Much of the debate is being conducted around modelling, stretching out decades, calculating the competing financial implications for low-income workers. But modelling, with its assumptions, carries a degree of false precision. It also represents one-dimensional thinking.
People on low incomes are naturally going to spend any extra money rather than save it. Yet for these people savings are what they need for the long term. This applies especially for women, for whom more, not fewer, ways should be found to augment their superannuation.
Forced saving might be unpleasant at the moment, but valued at the time of a more comfortable and secure retirement. Promises of the money being used for wage increases carry political appeal for a government now, but future governments would benefit if the aged pension burden is contained by a healthily growing compulsory super scheme.
Earth to Michelle Grattan: raising the superannuation guarantee will cost the federal budget more than it saves in Aged Pension costs. This was made clear by the Henry Tax Review, which explicitly stated:
“An increase in the superannuation guarantee would … have a net cost to government revenue even over the long term (that is, the loss of income tax revenue would not be replaced fully by an increase in superannuation tax collections or a reduction in Age Pension costs).”
Accordingly, the Henry Tax Review explicitly recommended against raising the superannuation guarantee, also because it would lower workers’ take home pay and have a particularly adverse impact on lower-income earners:
“Although employers are required to make superannuation guarantee contributions, employees bear the cost of these contributions through lower wage growth. This means the increase in the employee’s retirement income is achieved by reducing their standard of living before retirement…
The retirement income report recommended that the superannuation guarantee rate remain at 9 per cent. In coming to this recommendation the Review took into the account the effect that the superannuation guarantee has on the pre-retirement income of low-income earners”.
The Grattan Institute has come to similar conclusions:
Even slower wage growth will be the result of increasing compulsory superannuation contributions from 9.5 per cent to 12 per cent…
If compulsory super contributions go up, wages will be lower than they otherwise. And the cut to wages from raising compulsory super is big. Really big. By the time it’s fully implemented in 2025-26, a 12 per cent Super Guarantee will strip up to $20 billion from workers’ wages each year, or nearly 1 per cent of GDP…
[Moreover] both the short and long term, superannuation tax breaks cost the budget more than they save in pension payments:
The reason why raising the superannuation guarantee would be so ineffective can be explained by Australia’s flat 15% tax on contributions and earnings. This ensures that those workers on lower incomes receive minimal concessions (or are penalised), whereas those on higher incomes receive the biggest tax concessions on contributions:
Division 293 remedies the situation for those very high income earners above $250,000. But even then, the lion’s share of superannuation concessions still flow to the highest income earners, whereas the lower income earners continue to be disadvantaged by the system:
Michelle Grattan needs to face up to the facts. Tax concessions on superannuation already cost the Budget an inordinate sum, and are growing rapidly. Raising the superannuation guarantee to 12% would mean they become an even bigger ($2 billion a year) Budget drain over time.

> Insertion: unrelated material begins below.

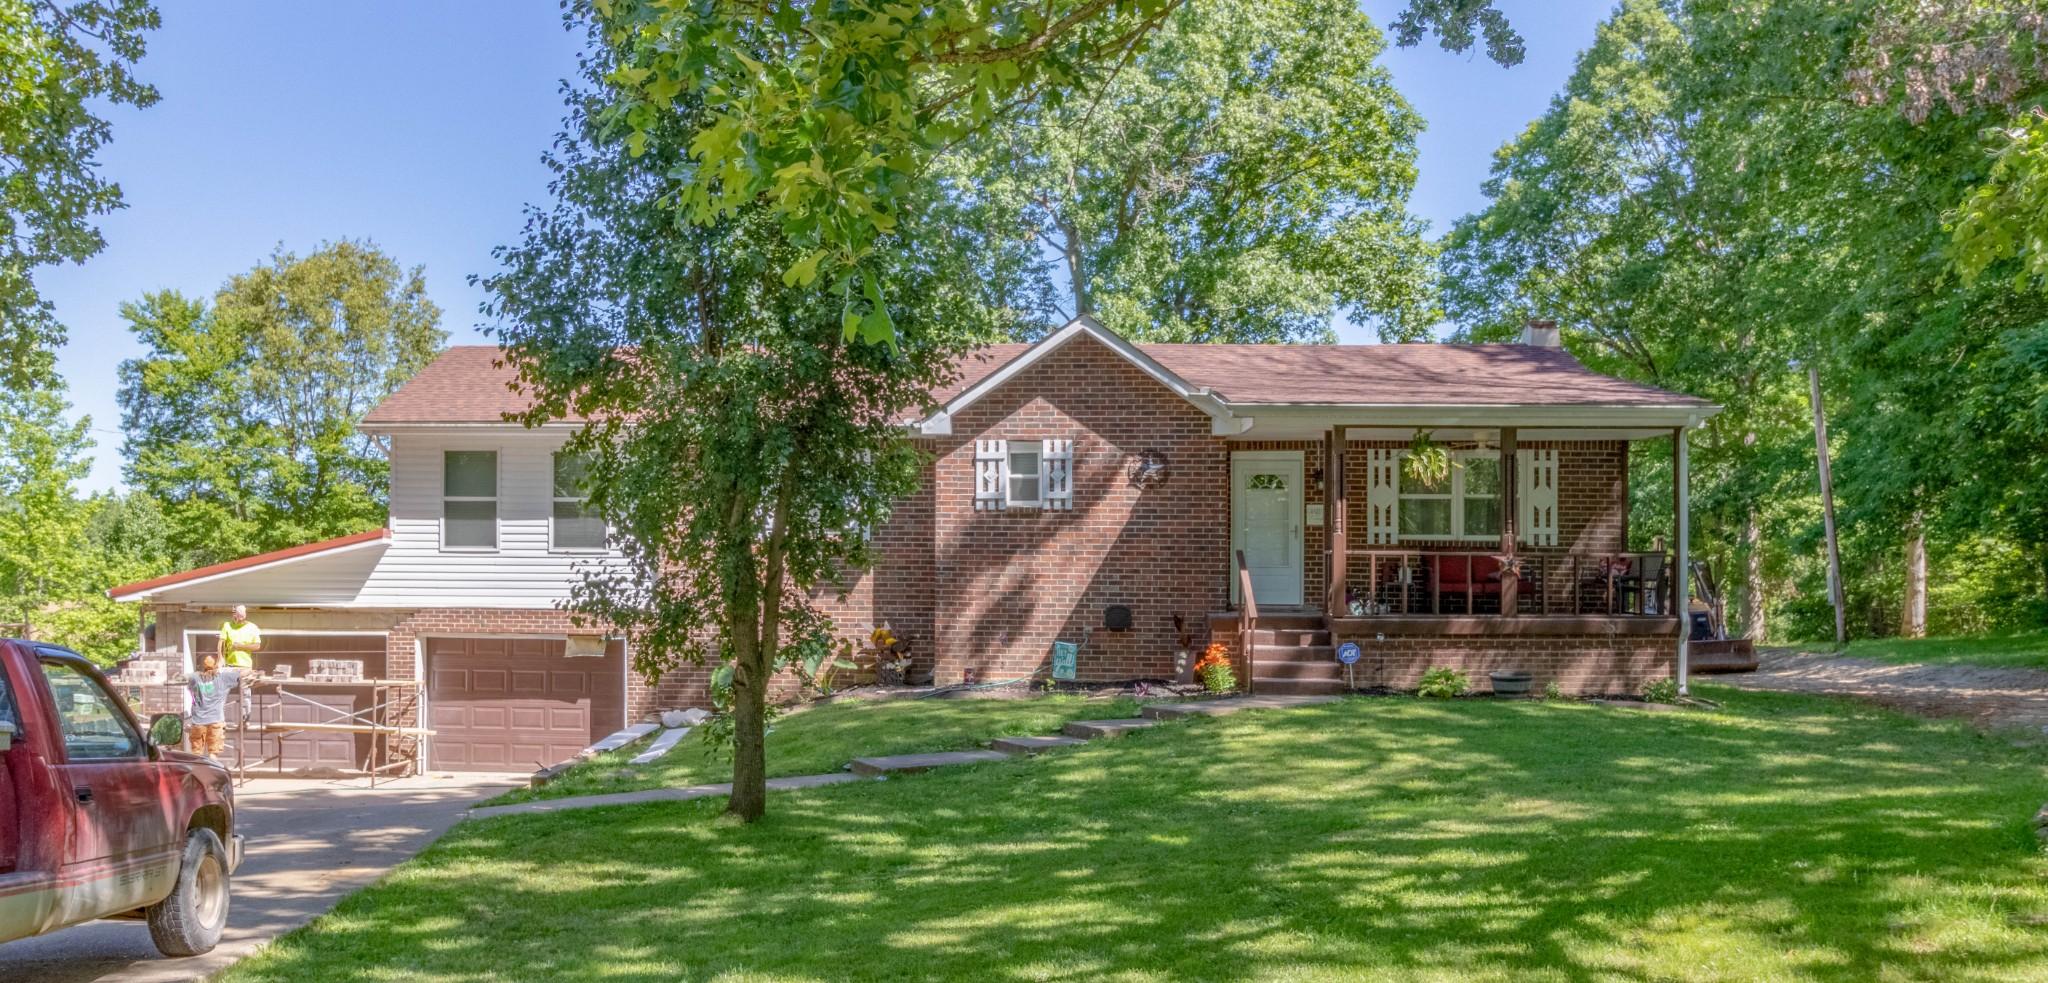 4389 Saint Paul Rd, Woodlawn, TN 37191 - Woodlawn, TN real estate listing
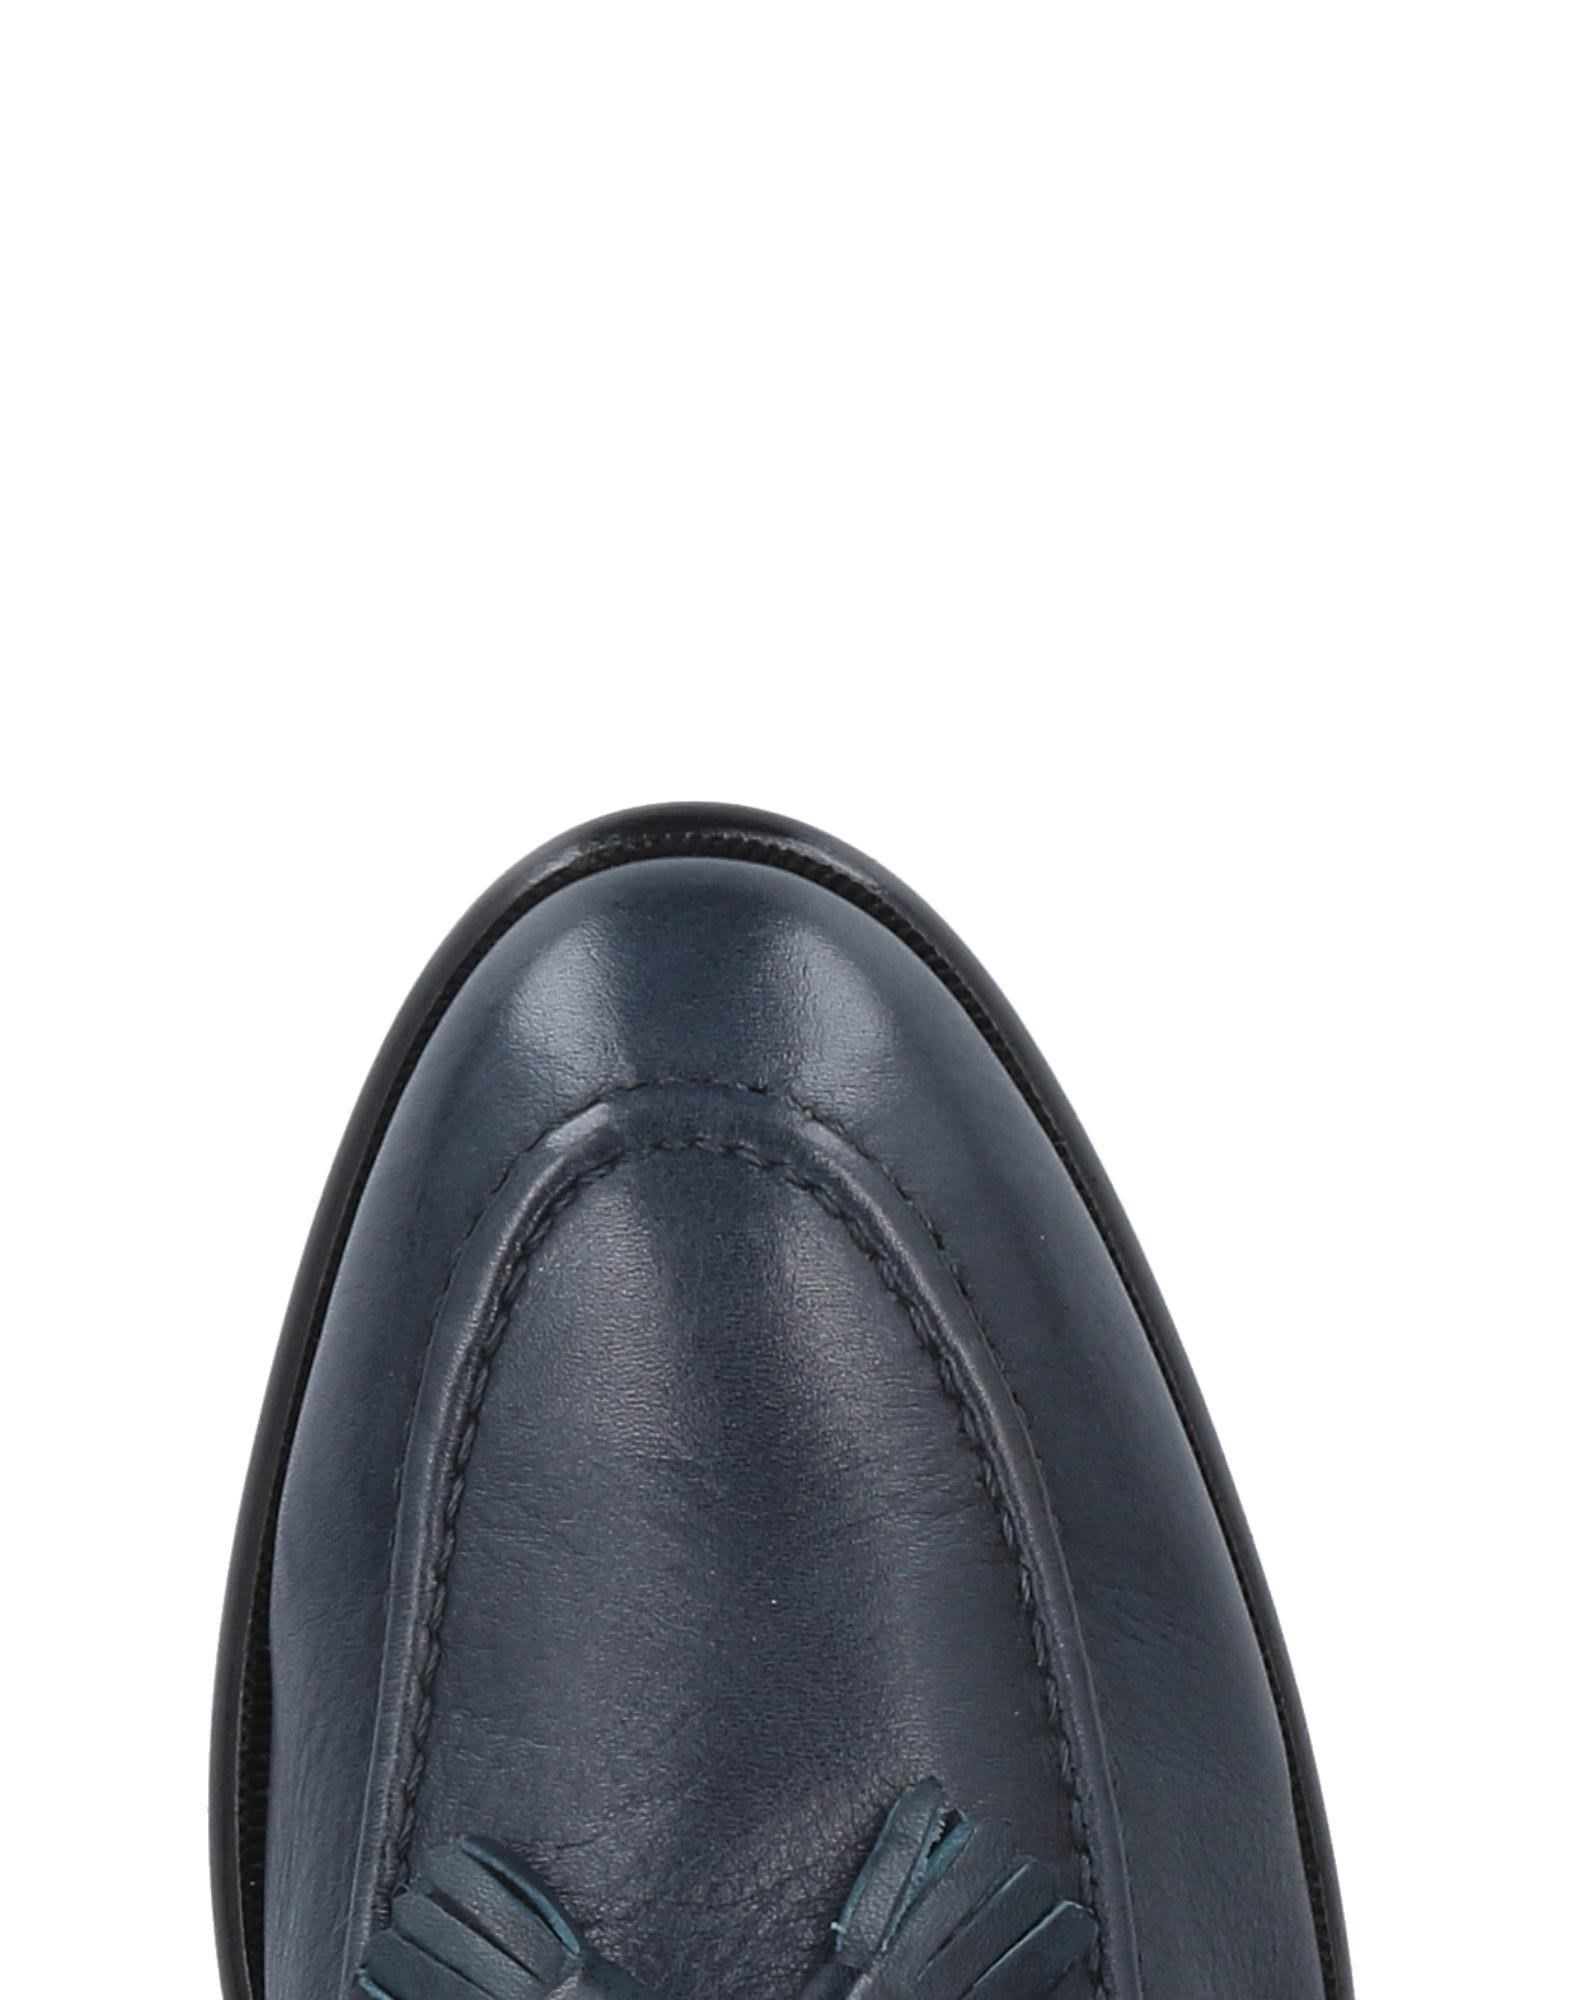 Botti 11461916KK Mokassins Herren  11461916KK Botti Gute Qualität beliebte Schuhe c3a6c3

Meanwhile, it would do little to boost superannuation savings for lower income workers – those most likely to become reliant on the Aged Pension – given the lion’s share of superannuation concessions would flow to higher income earners.
Raising the superannuation guarantee would merely heighten inequities already present in the system. It would rob younger (and lower paid) workers of much-needed disposable income and worsen the long-term sustainability of the Budget.
About the only winners from such a policy would be the superannuation industry, which would get to ‘clip the ticket’ on more funds under management and earn fatter profits.
Instead of raising the compulsory superannuation guarantee, both equity and Budget sustainability would be improved by replacing the 15% flat tax on contributions/earnings with a flat-rate refundable tax offset (e.g. 15%). This way, everyone that contributes to superannuation would receive the same tax concession, the system would be made progressive, and lower income earners would get a better deal.
It’s a no-brainer.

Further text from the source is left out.